Source information =>
>>>

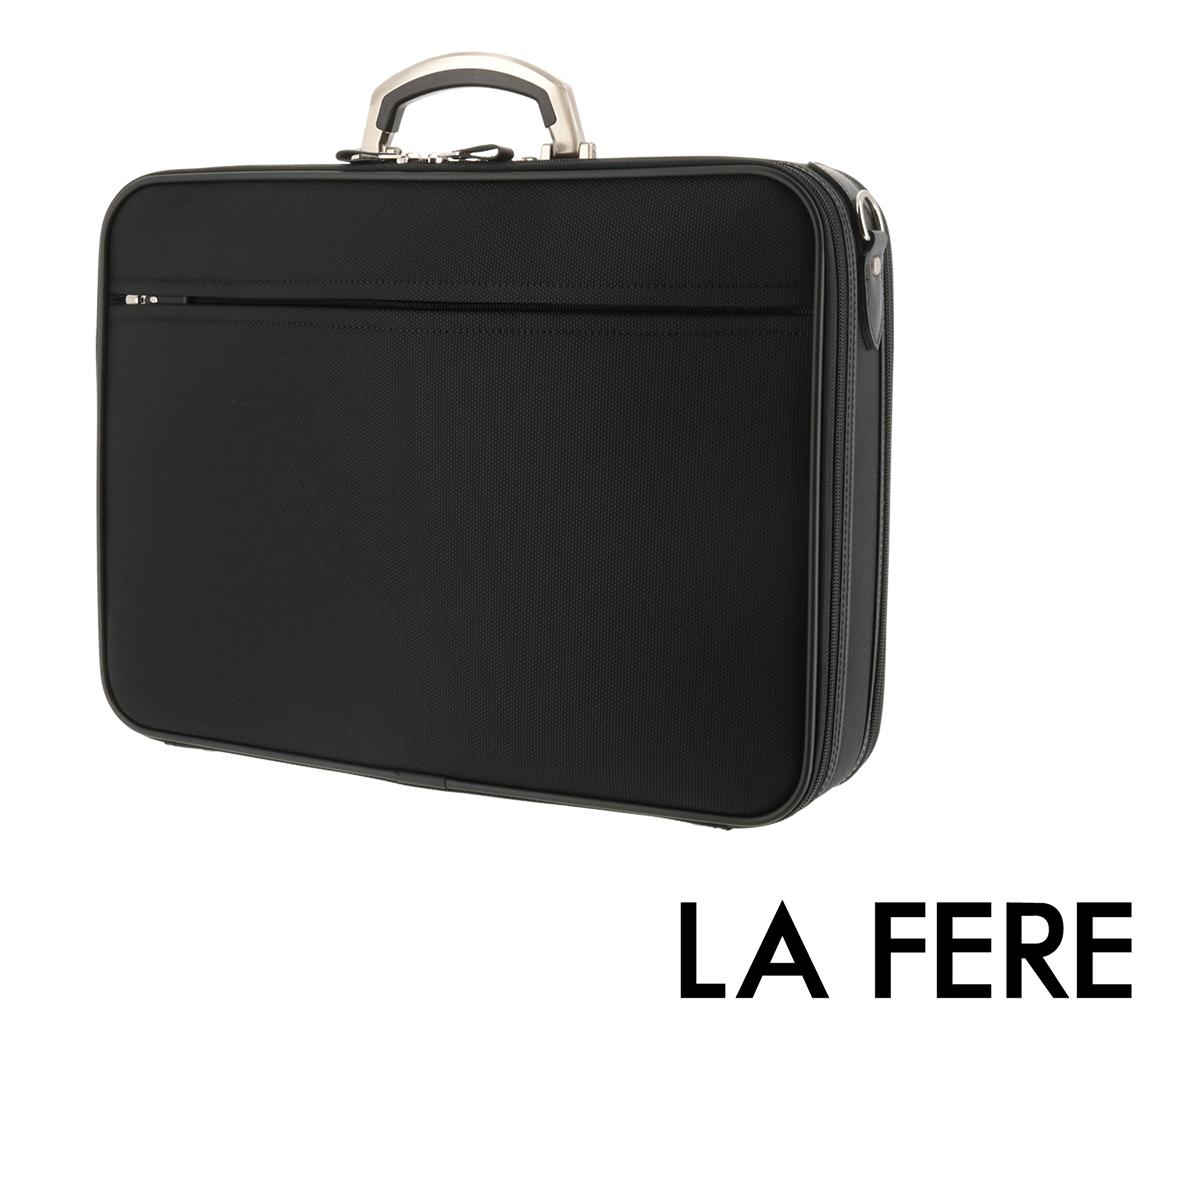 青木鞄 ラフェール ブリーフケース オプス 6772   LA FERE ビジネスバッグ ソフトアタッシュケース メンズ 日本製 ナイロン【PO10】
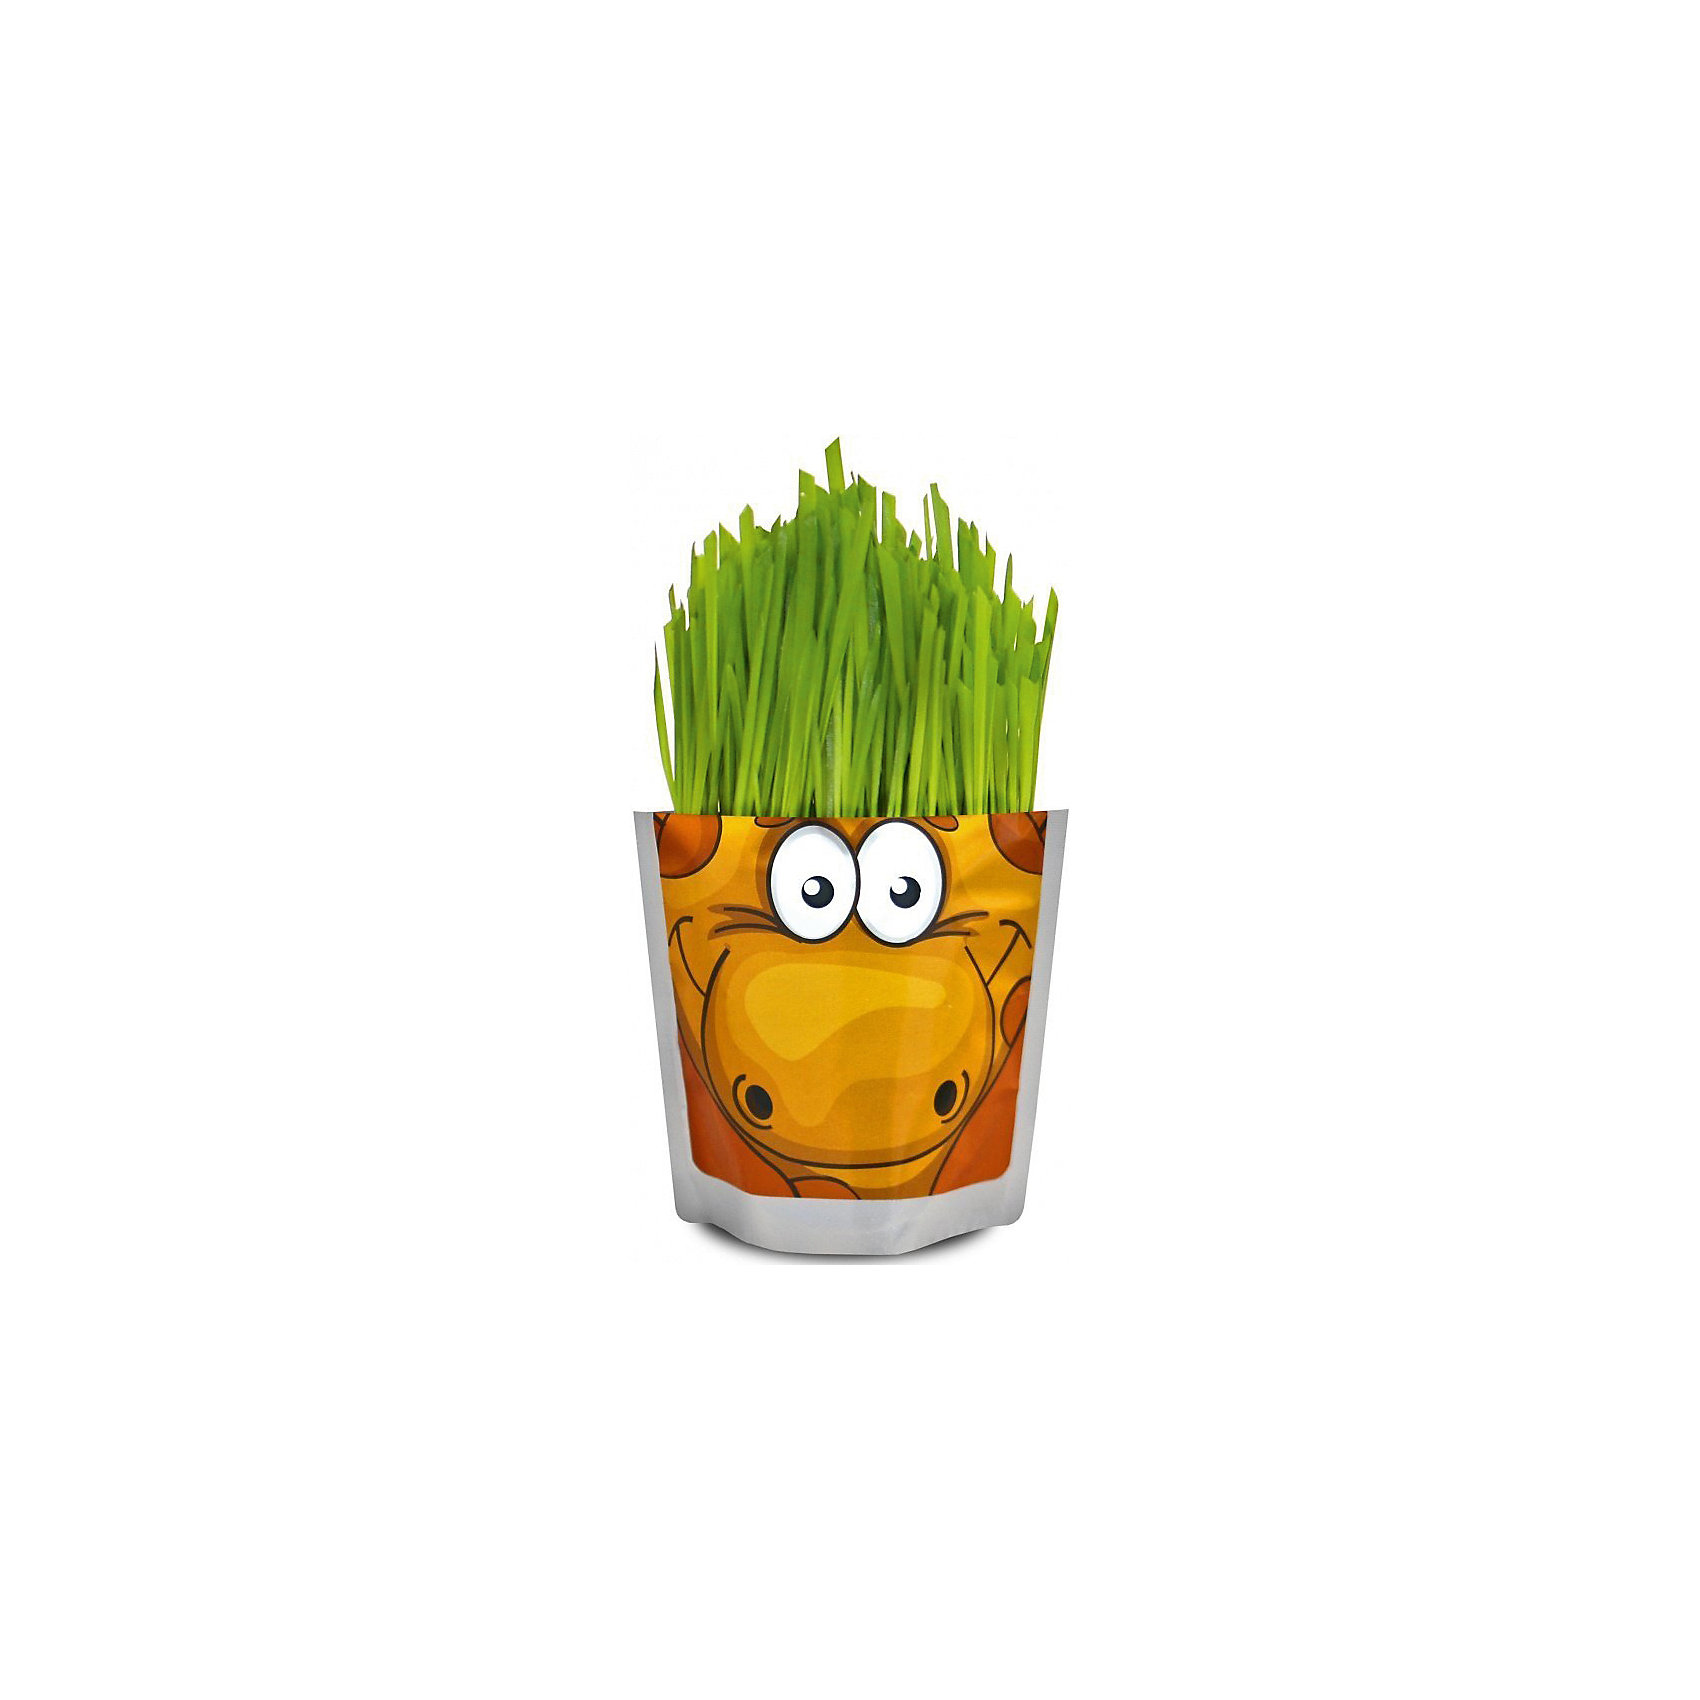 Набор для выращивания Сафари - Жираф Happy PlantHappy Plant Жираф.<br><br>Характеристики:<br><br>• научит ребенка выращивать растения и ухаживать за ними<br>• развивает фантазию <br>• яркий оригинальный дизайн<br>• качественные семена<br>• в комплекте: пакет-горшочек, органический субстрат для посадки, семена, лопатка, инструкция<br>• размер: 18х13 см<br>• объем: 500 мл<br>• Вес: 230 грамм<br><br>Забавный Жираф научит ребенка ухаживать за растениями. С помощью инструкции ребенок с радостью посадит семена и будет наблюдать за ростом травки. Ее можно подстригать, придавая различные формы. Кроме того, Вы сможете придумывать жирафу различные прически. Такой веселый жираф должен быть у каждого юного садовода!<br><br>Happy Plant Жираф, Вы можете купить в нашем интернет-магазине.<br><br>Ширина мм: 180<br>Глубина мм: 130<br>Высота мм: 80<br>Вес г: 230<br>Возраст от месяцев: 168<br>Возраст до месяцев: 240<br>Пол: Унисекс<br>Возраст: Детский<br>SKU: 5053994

<<<
>>>

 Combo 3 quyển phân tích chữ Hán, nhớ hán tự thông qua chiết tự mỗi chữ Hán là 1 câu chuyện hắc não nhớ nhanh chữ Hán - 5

<<<
>>>

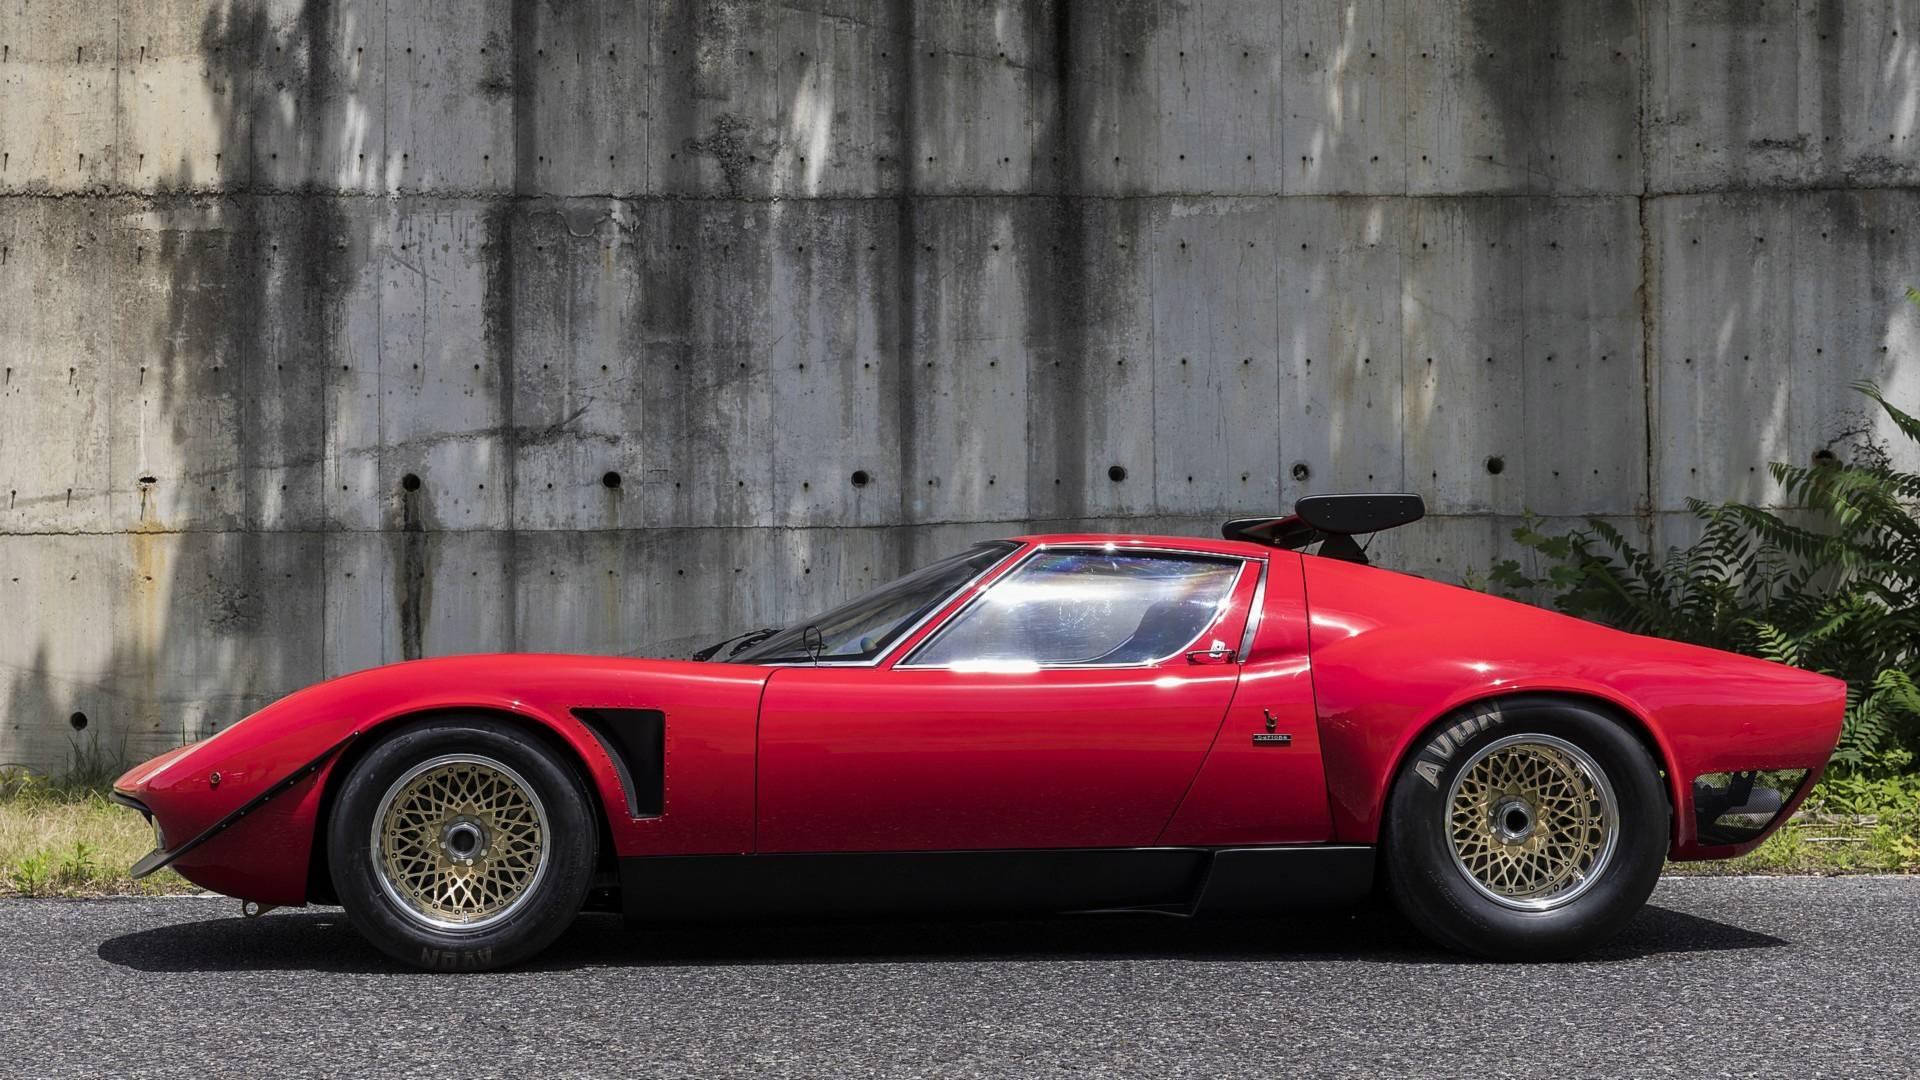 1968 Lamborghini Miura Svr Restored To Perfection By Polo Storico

<<<

Problem to solve => Exact copy, pictures excluded: every line above from the one containing "青木鞄 ラフェール ブリーフケース" to the one containing "Набор для выращивания", inclusive, and nothing more.

Answer to this task =>
 青木鞄 ラフェール ブリーフケース オプス 6772   LA FERE ビジネスバッグ ソフトアタッシュケース メンズ 日本製 ナイロン【PO10】
 Набор для выращивания Сафари - Жираф Happy PlantHappy Plant Жираф.<br><br>Характеристики:<br><br>• научит ребенка выращивать растения и ухаживать за ними<br>• развивает фантазию <br>• яркий оригинальный дизайн<br>• качественные семена<br>• в комплекте: пакет-горшочек, органический субстрат для посадки, семена, лопатка, инструкция<br>• размер: 18х13 см<br>• объем: 500 мл<br>• Вес: 230 грамм<br><br>Забавный Жираф научит ребенка ухаживать за растениями. С помощью инструкции ребенок с радостью посадит семена и будет наблюдать за ростом травки. Ее можно подстригать, придавая различные формы. Кроме того, Вы сможете придумывать жирафу различные прически. Такой веселый жираф должен быть у каждого юного садовода!<br><br>Happy Plant Жираф, Вы можете купить в нашем интернет-магазине.<br><br>Ширина мм: 180<br>Глубина мм: 130<br>Высота мм: 80<br>Вес г: 230<br>Возраст от месяцев: 168<br>Возраст до месяцев: 240<br>Пол: Унисекс<br>Возраст: Детский<br>SKU: 5053994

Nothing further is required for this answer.